BEGIN EXERCISE DATA

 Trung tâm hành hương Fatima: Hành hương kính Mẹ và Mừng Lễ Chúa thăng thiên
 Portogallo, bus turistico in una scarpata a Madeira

END EXERCISE DATA
BEGIN EXERCISE DATA

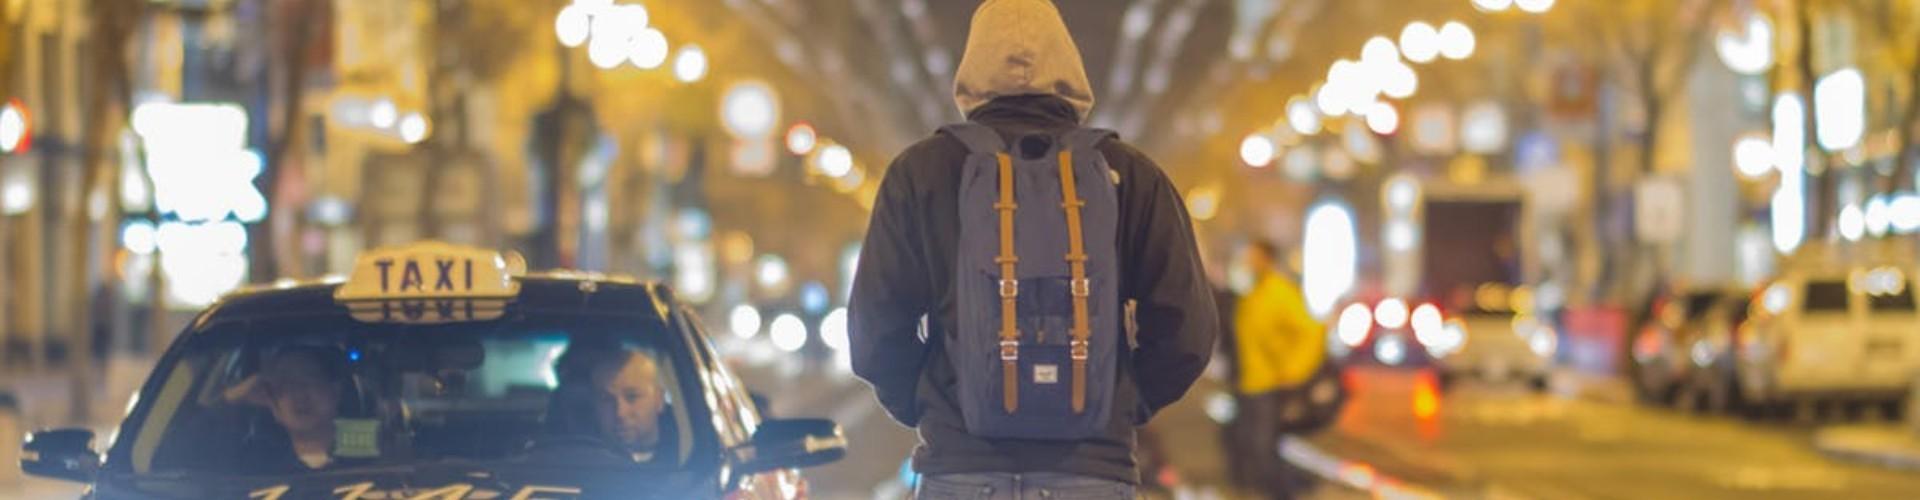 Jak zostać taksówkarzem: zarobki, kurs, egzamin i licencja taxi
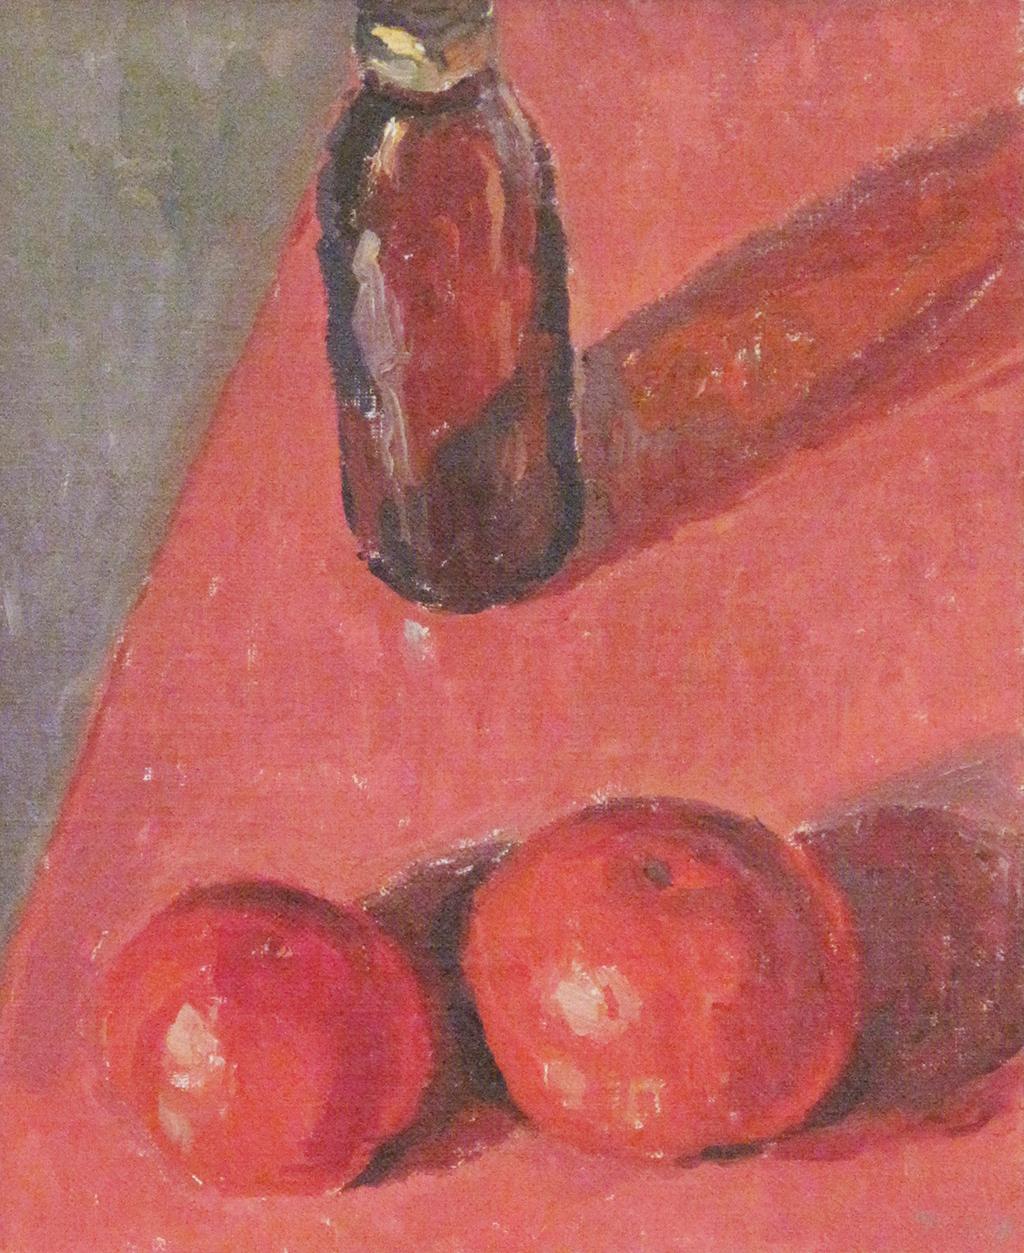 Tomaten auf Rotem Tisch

END EXERCISE DATA

» **TO DO**:
Your task is to copy only the lines above starting at the one containing "Jak zostać taksówkarzem: zarobki, kurs, egzamin" and ending at the one containing "Tomaten auf Rotem Tisch". Copy them exactly, both ends included, and omit the pictures.

» **ANSWER SECTION**:
 Jak zostać taksówkarzem: zarobki, kurs, egzamin i licencja taxi
 Tomaten auf Rotem Tisch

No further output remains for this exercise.